S&P Spotlights Differences In Two Big Japan ETFs

The WisdomTree Japan Hedged Equity Fund DXJ and the iShares MSCI Japan ETF EWJ are two of this year's most prolific asset-gathering ETFs.

Overall Japan ETFs raked in $2 billion last month, bringing the year-to-date total to $28 billion, according to BlackRock data.

DXJ and EWJ have accounted for over half the inflows to Japan ETFs, combining for nearly $14.5 billion worth of inflows, placing the funds second and third, respectively, behind the SPDR S&P 500 SPY in 2013 asset-gathering proficiency.

While DXJ and EWJ are both Japan ETFs, how they deliver investor returns is quite different. DXJ has risen to acclaim because, in addition to exposure to Japanese stocks, the fund also shorts the yen. That means DXJ is a "currency hedged" ETF. EWJ does not feature a USD/JPY hedge.

Related: Hedged Yen ETFs Could Have Much More Upside.

"A weakening yen is needed to extend the market rally, and structural reforms to labor and corporate tax are needed to make that happen," according to a new research note from S&P Capital IQ.

In a year in which investors have had few options for noticeable gains outside of the U.S., DXJ in particular has stood tall. The fund has surged 24.9 percent compared to 18.8 percent for EWJ, proving the hedged yen component is an efficacious strategy. What often gets lost in the hedged currency shuffle is another critical element to DXJ's success.

That being a screen employed by WisdomTree to ensure the ETF's 310 equity holdings derive the bulk of their revenue from outside of Japan. Still, neither ETF is impervious to the effects of a stronger yen. In the past three months, the CurrencyShares Japanese Yen Trust FXY is up 5.1 percent. Over the same time, DXJ is down 8.8 percent while EWJ has lost 3.3 percent.

S&P Capital IQ has Overweight ratings on both ETFs, but acknowledges a preference for EWJ should the yen continue to strengthen.

"While investors have flocked to both ETFs as a way to benefit from the Japanese economic recovery, these two offerings are different, which should impact their performance if the Japanese market remains range-bound, as S&P Capital IQ Equity Strategy expects. If the slide of the last three months continues, we contend that EWJ will be a better choice to invest in. EWJ's diversified weightings and its lower dependence on export sensitive sectors should help it outperform DXJ," said the research firm.
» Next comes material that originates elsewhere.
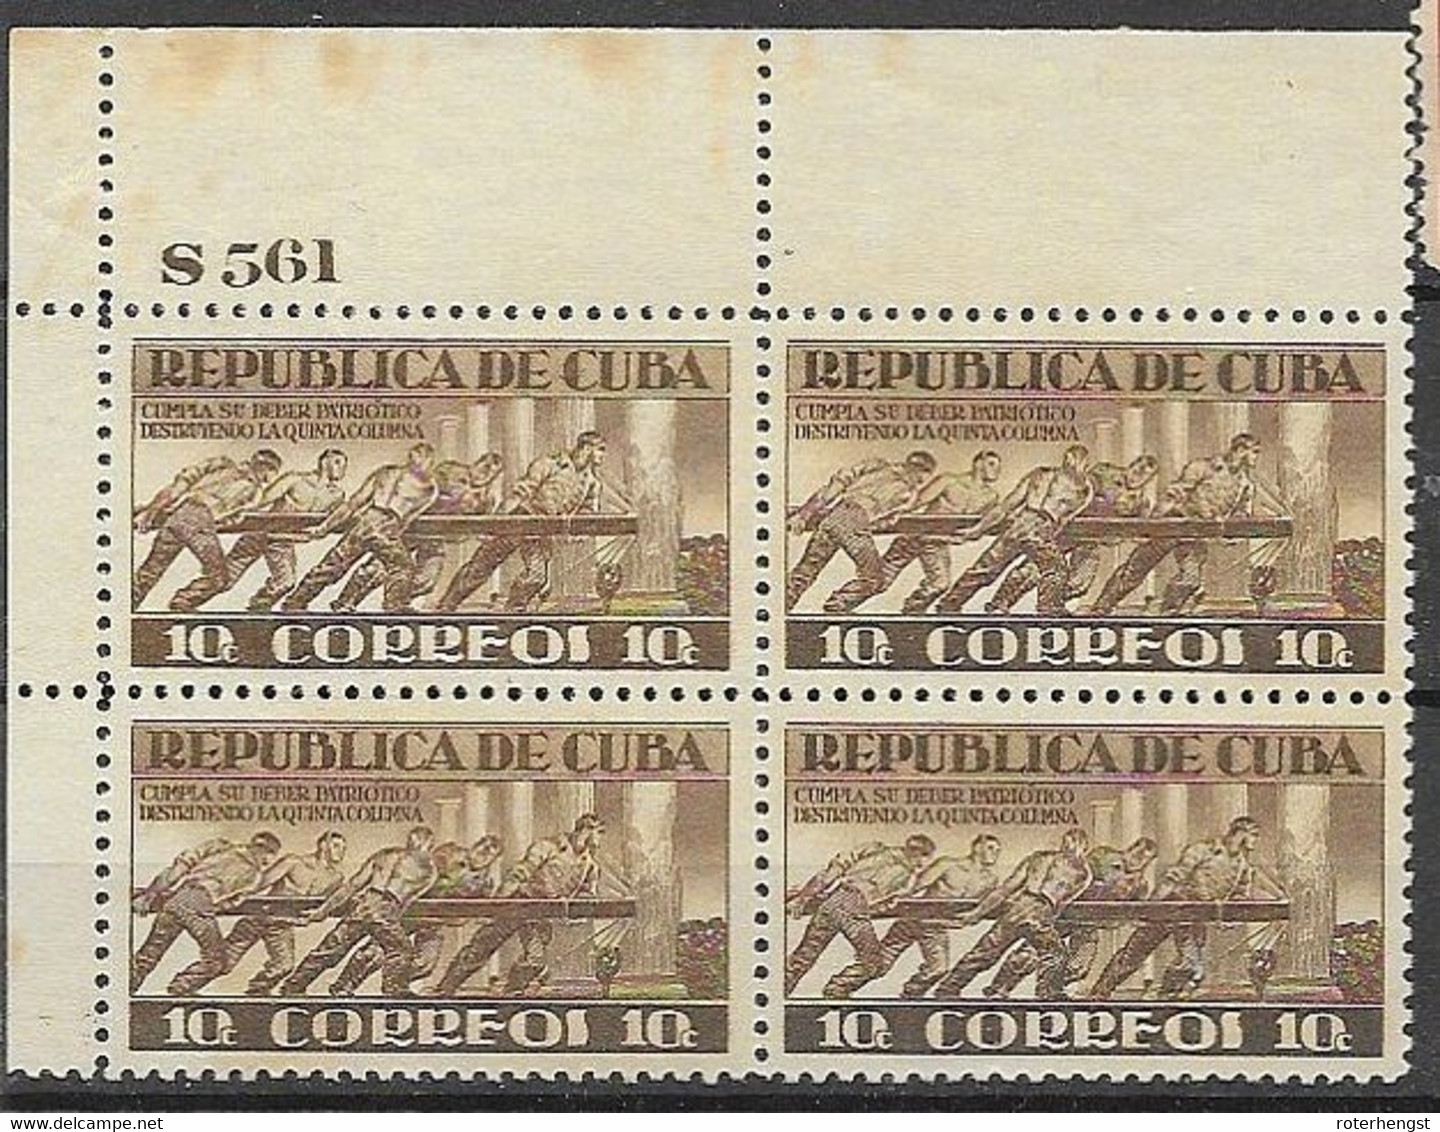 Cuba Mnh ** With Plate Number (stain Only On Border, Stamps Fine) 1943 About 30 Euros - Ongebruikt
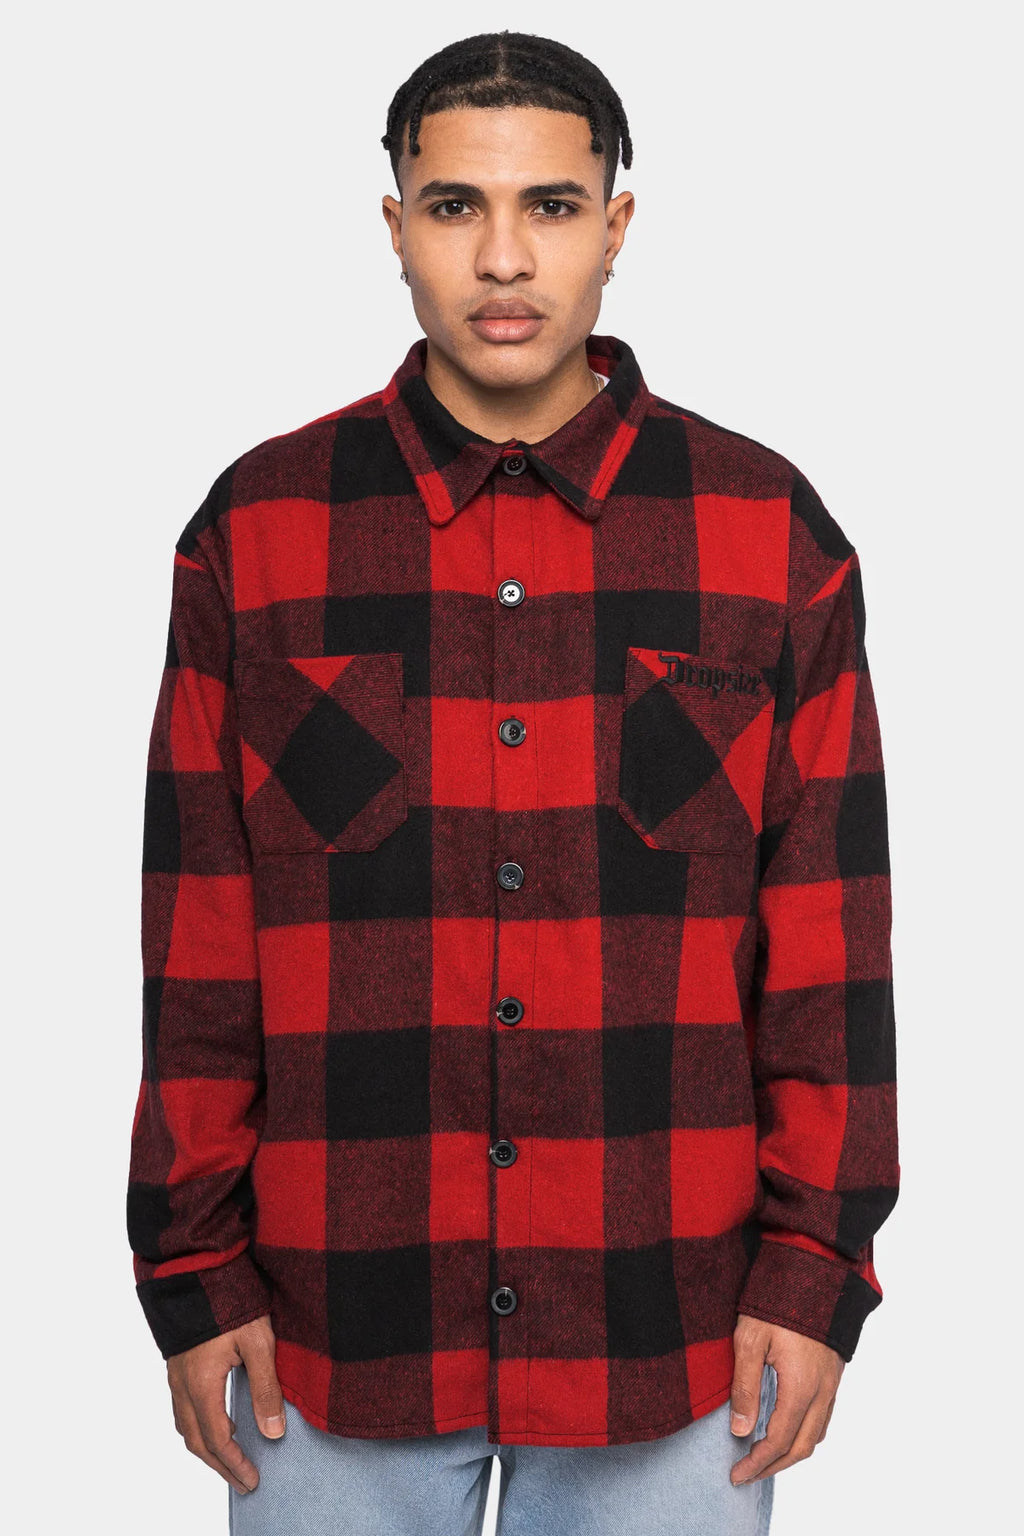 Dropsize Heavy Flannel Shirt  Black/Red

Conversely, a sharp turn lower in the yen would lead to more upside for DXJ. DXJ charges 0.48 percent year while EWJ's annual expense ratio is 0.5 percent.

Investors looking to participate in a Japan reflation trade with more domestic concentration can consider the newly minted WisdomTree Japan Hedged SmallCap Equity Fund DXJS, which debuted in late June. DXJS, the small-cap equivalent of DXJ, devotes over half its weight to discretionary and industrial names, giving investors exposure to a rebound in Japan's domestic economy. DXJS was not mentioned in the S&P note.